> [Work order]
For the entries below, the expected answer is the line with "Camper toilet compost/", the line with "The raising of", and every line between them, exactly as written, and nothing more.

Dataset excerpts
--

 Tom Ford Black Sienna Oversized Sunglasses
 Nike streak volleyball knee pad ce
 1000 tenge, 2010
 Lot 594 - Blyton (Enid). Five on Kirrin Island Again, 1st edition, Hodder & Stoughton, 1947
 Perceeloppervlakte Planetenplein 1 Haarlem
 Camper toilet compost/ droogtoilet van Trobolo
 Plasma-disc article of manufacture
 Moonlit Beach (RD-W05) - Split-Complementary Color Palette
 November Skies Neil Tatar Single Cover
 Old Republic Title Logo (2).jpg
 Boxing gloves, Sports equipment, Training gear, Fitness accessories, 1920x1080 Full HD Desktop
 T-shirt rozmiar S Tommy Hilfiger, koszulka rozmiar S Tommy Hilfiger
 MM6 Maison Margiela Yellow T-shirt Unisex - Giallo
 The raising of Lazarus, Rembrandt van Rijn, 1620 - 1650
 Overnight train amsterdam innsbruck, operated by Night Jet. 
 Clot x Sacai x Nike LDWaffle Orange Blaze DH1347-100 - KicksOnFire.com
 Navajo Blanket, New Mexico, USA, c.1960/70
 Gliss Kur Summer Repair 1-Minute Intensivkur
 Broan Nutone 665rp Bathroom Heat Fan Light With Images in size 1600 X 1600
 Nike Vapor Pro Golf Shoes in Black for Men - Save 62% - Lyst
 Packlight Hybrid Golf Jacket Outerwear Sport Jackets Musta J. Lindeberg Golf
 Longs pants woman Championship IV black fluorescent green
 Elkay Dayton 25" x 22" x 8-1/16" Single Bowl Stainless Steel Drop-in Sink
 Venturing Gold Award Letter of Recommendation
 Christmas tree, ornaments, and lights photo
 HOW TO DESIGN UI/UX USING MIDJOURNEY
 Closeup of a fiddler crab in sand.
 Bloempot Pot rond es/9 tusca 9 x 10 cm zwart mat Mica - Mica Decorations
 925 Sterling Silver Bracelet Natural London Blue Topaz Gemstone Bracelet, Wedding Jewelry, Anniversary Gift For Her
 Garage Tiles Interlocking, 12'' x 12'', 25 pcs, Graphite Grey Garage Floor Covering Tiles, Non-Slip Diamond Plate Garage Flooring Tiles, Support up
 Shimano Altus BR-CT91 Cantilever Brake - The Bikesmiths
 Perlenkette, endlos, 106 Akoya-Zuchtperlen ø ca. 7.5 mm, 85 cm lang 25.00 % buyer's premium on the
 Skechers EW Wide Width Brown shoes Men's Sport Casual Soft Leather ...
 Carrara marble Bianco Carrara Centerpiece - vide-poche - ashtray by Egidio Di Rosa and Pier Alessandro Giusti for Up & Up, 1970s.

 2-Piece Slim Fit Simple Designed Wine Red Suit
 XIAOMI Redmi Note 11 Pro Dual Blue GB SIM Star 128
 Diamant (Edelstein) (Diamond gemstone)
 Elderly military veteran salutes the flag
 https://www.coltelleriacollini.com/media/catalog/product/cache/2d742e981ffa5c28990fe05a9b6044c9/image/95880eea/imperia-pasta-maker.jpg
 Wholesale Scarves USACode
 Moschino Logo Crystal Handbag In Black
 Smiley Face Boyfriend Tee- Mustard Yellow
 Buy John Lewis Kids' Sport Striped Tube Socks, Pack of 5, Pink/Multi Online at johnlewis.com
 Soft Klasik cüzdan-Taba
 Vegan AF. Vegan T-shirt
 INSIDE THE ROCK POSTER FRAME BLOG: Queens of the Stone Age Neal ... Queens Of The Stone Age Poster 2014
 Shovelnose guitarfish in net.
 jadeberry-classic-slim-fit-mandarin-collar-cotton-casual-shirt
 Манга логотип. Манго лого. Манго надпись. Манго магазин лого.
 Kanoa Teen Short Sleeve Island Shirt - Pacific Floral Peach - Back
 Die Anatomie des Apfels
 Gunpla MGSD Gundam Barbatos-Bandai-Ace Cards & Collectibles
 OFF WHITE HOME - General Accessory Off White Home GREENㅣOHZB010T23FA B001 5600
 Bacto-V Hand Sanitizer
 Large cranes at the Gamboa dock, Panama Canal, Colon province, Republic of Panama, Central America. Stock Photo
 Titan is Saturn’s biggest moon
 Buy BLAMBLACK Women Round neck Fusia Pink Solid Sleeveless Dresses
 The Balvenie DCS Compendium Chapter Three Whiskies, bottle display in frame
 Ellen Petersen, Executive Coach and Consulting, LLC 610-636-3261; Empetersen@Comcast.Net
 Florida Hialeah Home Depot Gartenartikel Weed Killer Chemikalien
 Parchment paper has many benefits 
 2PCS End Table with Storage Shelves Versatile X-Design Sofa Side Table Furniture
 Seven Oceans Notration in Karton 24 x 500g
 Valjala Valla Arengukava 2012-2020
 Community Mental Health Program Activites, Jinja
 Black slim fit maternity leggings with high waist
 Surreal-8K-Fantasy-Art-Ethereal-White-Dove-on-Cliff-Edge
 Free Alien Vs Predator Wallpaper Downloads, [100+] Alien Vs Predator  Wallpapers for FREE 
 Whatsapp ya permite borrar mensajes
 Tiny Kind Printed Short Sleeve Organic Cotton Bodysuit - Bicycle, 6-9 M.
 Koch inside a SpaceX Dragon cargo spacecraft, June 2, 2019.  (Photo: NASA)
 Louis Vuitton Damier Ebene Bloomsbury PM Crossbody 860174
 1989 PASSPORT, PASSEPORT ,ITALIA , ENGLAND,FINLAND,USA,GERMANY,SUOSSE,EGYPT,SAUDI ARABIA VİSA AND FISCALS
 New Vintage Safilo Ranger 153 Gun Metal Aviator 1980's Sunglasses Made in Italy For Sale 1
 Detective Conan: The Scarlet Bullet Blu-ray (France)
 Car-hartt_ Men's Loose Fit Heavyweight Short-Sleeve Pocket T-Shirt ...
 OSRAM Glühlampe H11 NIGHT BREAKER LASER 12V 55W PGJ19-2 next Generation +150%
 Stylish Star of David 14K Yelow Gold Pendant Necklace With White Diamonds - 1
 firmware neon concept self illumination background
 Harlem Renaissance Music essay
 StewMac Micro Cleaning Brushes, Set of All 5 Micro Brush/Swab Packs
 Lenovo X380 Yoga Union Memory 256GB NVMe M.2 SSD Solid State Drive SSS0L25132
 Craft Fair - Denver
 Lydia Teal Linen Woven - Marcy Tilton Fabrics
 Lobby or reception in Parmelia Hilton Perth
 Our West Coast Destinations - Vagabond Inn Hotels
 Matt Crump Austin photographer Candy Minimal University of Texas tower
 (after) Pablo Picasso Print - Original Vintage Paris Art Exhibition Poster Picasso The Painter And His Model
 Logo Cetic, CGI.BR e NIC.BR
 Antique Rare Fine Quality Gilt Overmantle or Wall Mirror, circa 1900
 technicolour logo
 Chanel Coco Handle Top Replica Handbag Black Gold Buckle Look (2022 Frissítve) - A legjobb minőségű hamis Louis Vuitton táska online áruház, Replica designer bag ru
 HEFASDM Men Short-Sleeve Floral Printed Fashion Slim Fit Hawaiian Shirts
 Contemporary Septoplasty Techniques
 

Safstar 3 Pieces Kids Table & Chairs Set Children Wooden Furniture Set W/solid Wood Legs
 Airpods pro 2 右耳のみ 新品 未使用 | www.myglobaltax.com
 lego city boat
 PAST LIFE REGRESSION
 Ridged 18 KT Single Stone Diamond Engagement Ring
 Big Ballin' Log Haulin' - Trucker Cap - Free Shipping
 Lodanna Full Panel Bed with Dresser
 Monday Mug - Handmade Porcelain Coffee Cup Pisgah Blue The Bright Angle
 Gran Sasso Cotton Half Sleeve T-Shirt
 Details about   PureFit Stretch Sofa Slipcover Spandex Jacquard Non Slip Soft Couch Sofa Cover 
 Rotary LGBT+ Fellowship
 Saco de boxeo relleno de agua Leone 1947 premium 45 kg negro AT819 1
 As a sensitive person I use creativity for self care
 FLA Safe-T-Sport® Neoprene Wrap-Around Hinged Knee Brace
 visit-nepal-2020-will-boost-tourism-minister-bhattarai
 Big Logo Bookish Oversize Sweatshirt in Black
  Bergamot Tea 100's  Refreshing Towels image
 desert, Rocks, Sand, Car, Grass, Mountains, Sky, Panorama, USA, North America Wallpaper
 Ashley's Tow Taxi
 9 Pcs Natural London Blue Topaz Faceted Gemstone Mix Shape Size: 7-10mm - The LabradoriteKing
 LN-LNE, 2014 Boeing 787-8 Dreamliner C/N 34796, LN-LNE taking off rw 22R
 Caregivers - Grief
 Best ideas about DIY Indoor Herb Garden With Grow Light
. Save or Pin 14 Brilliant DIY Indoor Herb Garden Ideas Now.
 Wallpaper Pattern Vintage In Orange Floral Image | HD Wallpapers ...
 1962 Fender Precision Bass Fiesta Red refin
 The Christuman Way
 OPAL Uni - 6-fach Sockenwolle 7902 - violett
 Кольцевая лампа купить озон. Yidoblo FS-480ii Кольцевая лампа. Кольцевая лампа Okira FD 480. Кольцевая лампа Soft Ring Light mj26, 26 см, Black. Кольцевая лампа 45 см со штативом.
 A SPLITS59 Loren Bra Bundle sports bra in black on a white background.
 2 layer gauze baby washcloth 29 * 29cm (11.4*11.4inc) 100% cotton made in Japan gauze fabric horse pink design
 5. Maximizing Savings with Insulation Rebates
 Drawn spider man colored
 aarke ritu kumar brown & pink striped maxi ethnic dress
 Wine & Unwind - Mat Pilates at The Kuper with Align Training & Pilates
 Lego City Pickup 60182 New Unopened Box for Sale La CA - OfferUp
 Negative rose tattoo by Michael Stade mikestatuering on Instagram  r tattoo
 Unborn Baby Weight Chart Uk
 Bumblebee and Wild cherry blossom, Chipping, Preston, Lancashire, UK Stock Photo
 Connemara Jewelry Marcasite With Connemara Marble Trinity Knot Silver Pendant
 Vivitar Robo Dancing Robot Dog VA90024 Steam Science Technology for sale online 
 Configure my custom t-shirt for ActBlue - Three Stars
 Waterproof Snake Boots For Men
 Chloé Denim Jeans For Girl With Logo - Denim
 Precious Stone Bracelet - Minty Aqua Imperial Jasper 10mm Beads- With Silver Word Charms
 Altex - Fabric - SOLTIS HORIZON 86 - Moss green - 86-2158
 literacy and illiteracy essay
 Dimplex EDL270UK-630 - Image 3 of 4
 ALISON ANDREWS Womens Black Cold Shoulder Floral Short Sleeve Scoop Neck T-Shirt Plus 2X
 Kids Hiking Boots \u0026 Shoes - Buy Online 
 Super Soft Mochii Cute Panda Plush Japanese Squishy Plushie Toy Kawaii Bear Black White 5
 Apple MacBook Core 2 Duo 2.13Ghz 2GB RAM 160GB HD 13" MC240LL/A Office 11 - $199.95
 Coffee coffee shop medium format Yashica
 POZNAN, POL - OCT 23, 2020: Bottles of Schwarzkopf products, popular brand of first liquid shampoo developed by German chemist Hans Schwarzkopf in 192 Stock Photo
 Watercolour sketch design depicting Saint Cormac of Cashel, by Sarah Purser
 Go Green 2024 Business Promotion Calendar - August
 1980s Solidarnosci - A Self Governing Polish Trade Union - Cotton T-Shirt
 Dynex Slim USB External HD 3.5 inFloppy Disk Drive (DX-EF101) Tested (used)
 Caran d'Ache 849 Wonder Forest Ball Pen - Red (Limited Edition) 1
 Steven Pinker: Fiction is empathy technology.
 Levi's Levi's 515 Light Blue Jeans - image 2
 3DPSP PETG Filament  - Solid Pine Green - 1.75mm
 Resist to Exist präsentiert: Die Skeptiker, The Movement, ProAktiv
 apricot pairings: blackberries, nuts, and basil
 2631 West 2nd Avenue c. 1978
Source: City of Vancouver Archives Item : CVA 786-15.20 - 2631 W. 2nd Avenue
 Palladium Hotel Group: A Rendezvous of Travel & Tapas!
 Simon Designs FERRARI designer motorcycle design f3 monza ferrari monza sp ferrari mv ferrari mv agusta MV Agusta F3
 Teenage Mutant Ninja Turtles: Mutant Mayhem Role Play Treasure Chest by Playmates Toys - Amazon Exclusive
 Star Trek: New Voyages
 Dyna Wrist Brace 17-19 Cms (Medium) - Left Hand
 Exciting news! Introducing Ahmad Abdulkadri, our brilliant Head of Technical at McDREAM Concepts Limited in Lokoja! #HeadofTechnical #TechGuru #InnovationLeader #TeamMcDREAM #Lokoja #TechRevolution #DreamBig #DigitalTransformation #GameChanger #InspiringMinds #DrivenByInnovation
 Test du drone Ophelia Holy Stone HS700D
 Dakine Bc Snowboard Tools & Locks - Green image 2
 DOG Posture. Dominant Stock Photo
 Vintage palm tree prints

--

> [Finished exercise]
 Camper toilet compost/ droogtoilet van Trobolo
 Plasma-disc article of manufacture
 Moonlit Beach (RD-W05) - Split-Complementary Color Palette
 November Skies Neil Tatar Single Cover
 Old Republic Title Logo (2).jpg
 Boxing gloves, Sports equipment, Training gear, Fitness accessories, 1920x1080 Full HD Desktop
 T-shirt rozmiar S Tommy Hilfiger, koszulka rozmiar S Tommy Hilfiger
 MM6 Maison Margiela Yellow T-shirt Unisex - Giallo
 The raising of Lazarus, Rembrandt van Rijn, 1620 - 1650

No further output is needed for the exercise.